The cabbages were small, about the size of infants’ heads, and she collected two of them. She didn’t want to be greedy but she also couldn’t count on finding an abandoned store or canning shed later. And she didn’t think she could knock down a squirrel with the .38, even if she were willing to risk wasting the last of her four bullets. She plucked a fistful of turnip greens and stuffed them inside her frayed, canvas satchel. Denyse was reaching for the beets when the sickly moan came from the forest.
Sick child.
She’d heard plenty such cries, misery and pain and disease and anger and sadness rolled into a chorus that swept across the tainted land. Randolph had gone from four-alarm shrieks of distress to a soft, gurgling whimper as the last breaths faded.
The moan came again, and she slipped the bag closed, securing the revolver. Sick children posed no threat, but sick adults became desperate. She negotiated the fence again, on the other side this time, and entered under the hushed canopy of forest. The sun filtered through in a jewelry box of sparkles, and a creek ran with a merry laugh that seemed a mockery of the poison it carried.

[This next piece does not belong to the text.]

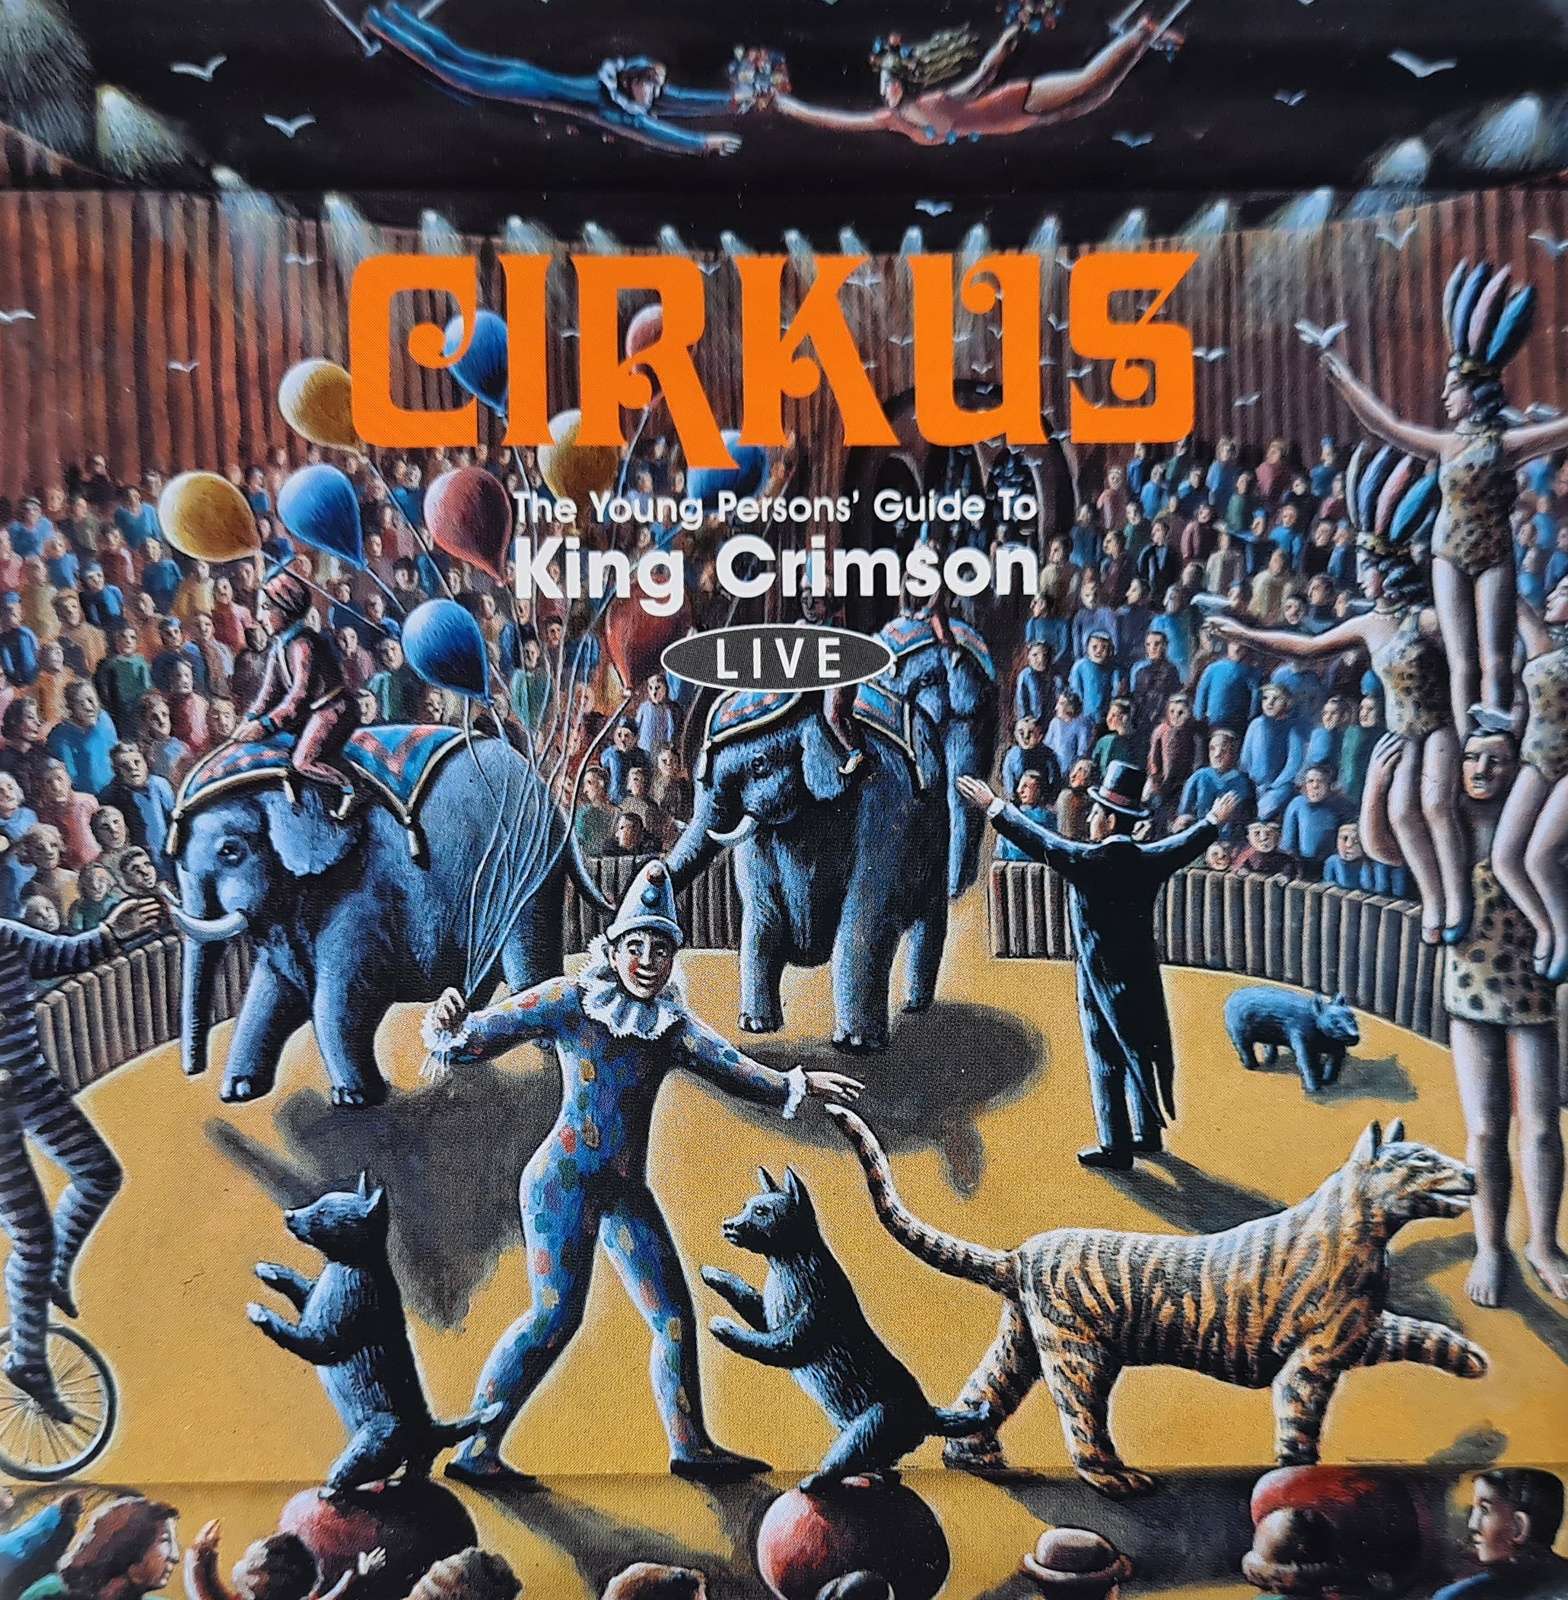 King Crimson - Cirkus (CD)

The moan shifted and went higher in tone, running in musical counterpoint to the flowing water. Denyse, who had played the clarinet as a high schooler back in Before, no longer cared for melody and harmony. The song had changed into a funeral dirge and every coda ended with the gasp of a contaminated lung.
“Who’s there?
” she asked, stooping inside a thicket of scrub and rhododendron whose browned flowers cast the musk of dead rot.

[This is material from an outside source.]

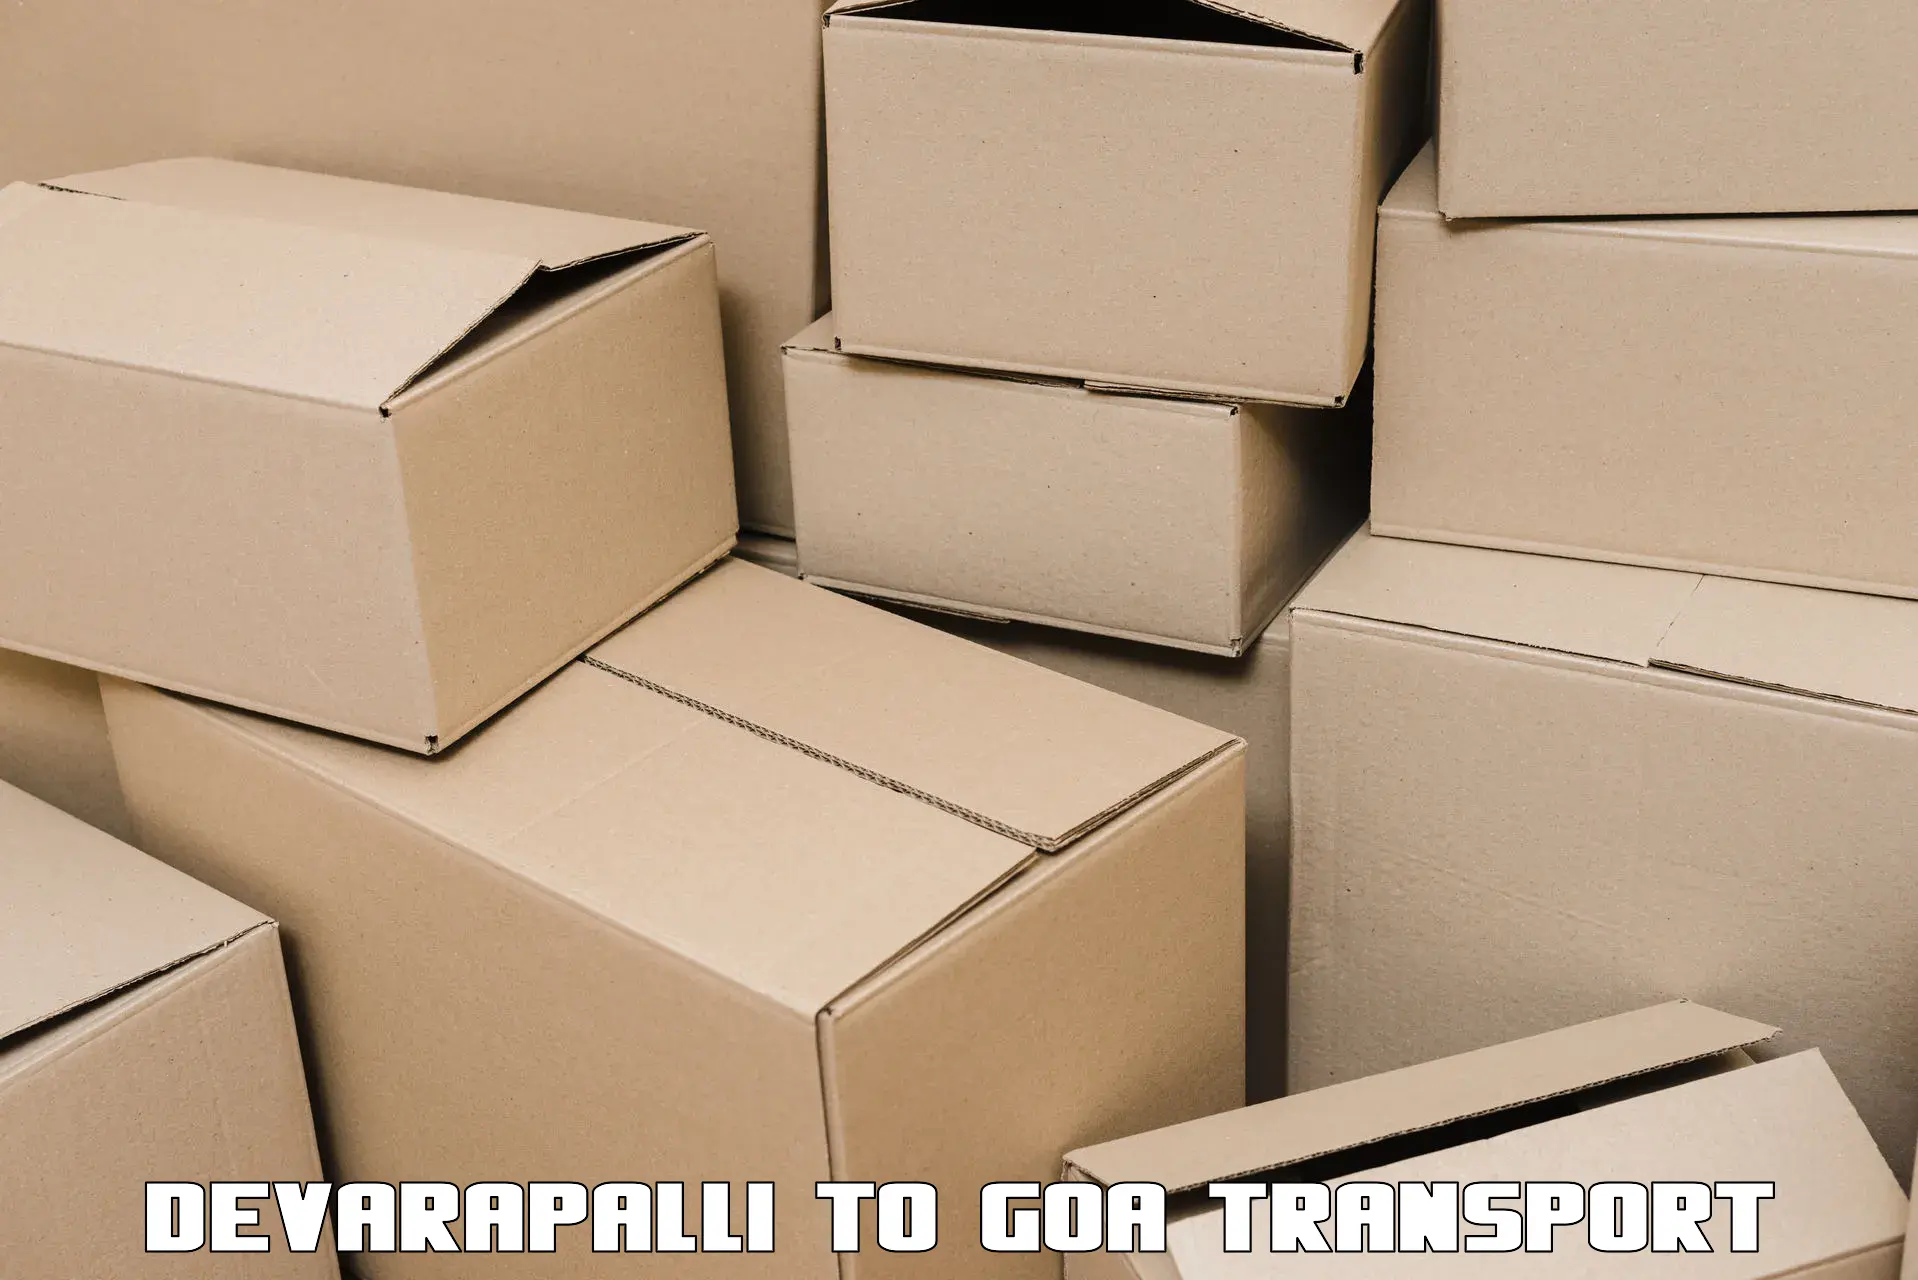 Furniture transport service Devarapalli to Mormugao Port

The moan became a bleat, and she entered a clearing of flattened grass. A slick newborn goat wobbled on its forelegs, trying to lift itself. A larger goat, no doubt its mother judging by the gruesome trail of bloody placenta strung across the weeds, lay on her side, ribs rising and falling slightly. The momma goat’s eyes were glazed and focused on an unseen horizon, a look Denyse had come to know well—the thousand-yard stare of death.
The little kid bleated and rose, back legs trembling, the matted stump of tail wiggling back and forth. It staggered toward its mother and collapsed at the swollen udder, latching its dark-red lips onto a nipple. Unsatisfied with the supply, it backed off and bumped the bag of milk a few times with its forehead, and then settled in for a suck. The momma goat appeared to give one last contented sigh and expired. The oblivious kid drew sustenance, not knowing the warm fount would soon be dry.
“Damn, little goat,” Denyse said. “Starving is no way to die.”
Yet, compared to what she’d witnessed since the fallout festival, maybe starving was as good a way to go as any. Beat slow homicide, leukemia, gang rape, intestinal cancer, an erratic thyroid gland, or food poisoning. Besides, the kid didn’t have to die a meaningless death.
She drew the six-inch blade from her satchel. The momma goat’s meat was no doubt tainted, but the kid might be fairly clean, if the mother’s liver had provided a sponge to absorb the nastier poisons. Then again, radiation was insidious, and it was probable that Denyse’s roentgen count was higher than the kid’s.
“Hey, little guy,” she said, hunching and tiptoeing across the grass. The kid kept on with its suckling, a contented burring coming from its throat. One stroke across the throat. Painless. Then she could use one of her last few matches to build a fire and—
As she knelt by the animal, it twitched, finally aware that a large moving shape loomed over it. Instinct caused it to freeze but it didn’t have the muscle control to flee. Besides, its role model was doing the bottle fly belly flop and in no condition to teach its new charge the proper way to run like hell.